Data excerpts:
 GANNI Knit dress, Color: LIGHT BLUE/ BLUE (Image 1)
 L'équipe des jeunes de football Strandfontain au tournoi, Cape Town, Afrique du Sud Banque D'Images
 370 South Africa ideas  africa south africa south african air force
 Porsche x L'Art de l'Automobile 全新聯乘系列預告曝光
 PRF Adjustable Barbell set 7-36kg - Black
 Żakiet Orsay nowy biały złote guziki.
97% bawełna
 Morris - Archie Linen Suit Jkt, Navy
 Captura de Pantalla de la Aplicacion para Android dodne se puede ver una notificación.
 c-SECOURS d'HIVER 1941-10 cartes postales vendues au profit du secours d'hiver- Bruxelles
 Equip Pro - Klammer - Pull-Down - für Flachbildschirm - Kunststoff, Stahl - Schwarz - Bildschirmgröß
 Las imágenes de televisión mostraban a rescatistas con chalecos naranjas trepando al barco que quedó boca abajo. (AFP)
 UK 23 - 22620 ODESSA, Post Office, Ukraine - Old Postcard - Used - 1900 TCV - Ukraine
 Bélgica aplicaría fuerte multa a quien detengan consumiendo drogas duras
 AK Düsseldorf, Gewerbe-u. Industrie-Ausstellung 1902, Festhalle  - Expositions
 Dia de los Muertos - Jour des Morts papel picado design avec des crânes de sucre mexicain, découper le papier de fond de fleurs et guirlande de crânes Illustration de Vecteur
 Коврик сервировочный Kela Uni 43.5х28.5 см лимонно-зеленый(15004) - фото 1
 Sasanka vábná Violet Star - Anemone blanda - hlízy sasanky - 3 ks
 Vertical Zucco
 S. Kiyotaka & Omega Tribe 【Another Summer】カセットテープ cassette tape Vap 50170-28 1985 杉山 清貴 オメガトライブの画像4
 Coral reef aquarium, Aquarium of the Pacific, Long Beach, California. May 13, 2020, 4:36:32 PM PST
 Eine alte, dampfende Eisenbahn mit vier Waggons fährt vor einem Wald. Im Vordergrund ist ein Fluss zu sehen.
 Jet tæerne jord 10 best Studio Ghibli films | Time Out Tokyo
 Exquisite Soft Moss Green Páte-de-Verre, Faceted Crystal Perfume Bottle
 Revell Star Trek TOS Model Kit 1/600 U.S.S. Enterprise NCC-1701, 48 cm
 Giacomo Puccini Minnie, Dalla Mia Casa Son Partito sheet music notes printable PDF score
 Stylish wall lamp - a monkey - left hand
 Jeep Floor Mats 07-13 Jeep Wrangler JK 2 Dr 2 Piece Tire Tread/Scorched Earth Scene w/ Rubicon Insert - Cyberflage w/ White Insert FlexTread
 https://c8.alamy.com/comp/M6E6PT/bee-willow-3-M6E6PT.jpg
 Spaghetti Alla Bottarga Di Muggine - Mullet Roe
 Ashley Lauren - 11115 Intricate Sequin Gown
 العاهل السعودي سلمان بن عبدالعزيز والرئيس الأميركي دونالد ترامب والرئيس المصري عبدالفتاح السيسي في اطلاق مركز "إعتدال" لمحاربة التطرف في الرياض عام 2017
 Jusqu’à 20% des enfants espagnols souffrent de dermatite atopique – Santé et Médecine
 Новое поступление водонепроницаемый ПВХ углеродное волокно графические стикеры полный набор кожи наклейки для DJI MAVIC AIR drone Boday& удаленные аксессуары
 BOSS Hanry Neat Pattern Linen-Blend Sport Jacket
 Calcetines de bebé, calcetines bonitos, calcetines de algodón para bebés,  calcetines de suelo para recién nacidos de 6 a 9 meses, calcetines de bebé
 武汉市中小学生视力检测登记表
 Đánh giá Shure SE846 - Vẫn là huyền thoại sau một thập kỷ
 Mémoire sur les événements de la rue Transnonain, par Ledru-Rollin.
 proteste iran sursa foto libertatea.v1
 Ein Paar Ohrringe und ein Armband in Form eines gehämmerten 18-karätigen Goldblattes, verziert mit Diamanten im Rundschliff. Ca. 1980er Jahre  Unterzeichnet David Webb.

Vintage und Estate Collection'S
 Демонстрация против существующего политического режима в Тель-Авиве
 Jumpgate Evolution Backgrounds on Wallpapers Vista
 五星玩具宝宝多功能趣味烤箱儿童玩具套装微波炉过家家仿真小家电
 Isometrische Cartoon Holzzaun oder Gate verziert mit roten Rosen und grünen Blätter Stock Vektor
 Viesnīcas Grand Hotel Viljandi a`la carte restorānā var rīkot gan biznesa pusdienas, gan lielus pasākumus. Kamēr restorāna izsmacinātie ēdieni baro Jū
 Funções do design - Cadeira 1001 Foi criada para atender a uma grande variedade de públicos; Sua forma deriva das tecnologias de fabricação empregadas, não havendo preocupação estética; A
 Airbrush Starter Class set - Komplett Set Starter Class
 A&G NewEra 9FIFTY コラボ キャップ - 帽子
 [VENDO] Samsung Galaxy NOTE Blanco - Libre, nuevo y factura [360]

▶ **WHAT TO DO**: When the line with "Captura de Pantalla" is reached in the data above, start copying there, and copy each line exactly until the line with "Dia de los Muertos" has been copied; copy nothing else.

▶ **PROBLEM SOLUTION**:
 Captura de Pantalla de la Aplicacion para Android dodne se puede ver una notificación.
 c-SECOURS d'HIVER 1941-10 cartes postales vendues au profit du secours d'hiver- Bruxelles
 Equip Pro - Klammer - Pull-Down - für Flachbildschirm - Kunststoff, Stahl - Schwarz - Bildschirmgröß
 Las imágenes de televisión mostraban a rescatistas con chalecos naranjas trepando al barco que quedó boca abajo. (AFP)
 UK 23 - 22620 ODESSA, Post Office, Ukraine - Old Postcard - Used - 1900 TCV - Ukraine
 Bélgica aplicaría fuerte multa a quien detengan consumiendo drogas duras
 AK Düsseldorf, Gewerbe-u. Industrie-Ausstellung 1902, Festhalle  - Expositions
 Dia de los Muertos - Jour des Morts papel picado design avec des crânes de sucre mexicain, découper le papier de fond de fleurs et guirlande de crânes Illustration de Vecteur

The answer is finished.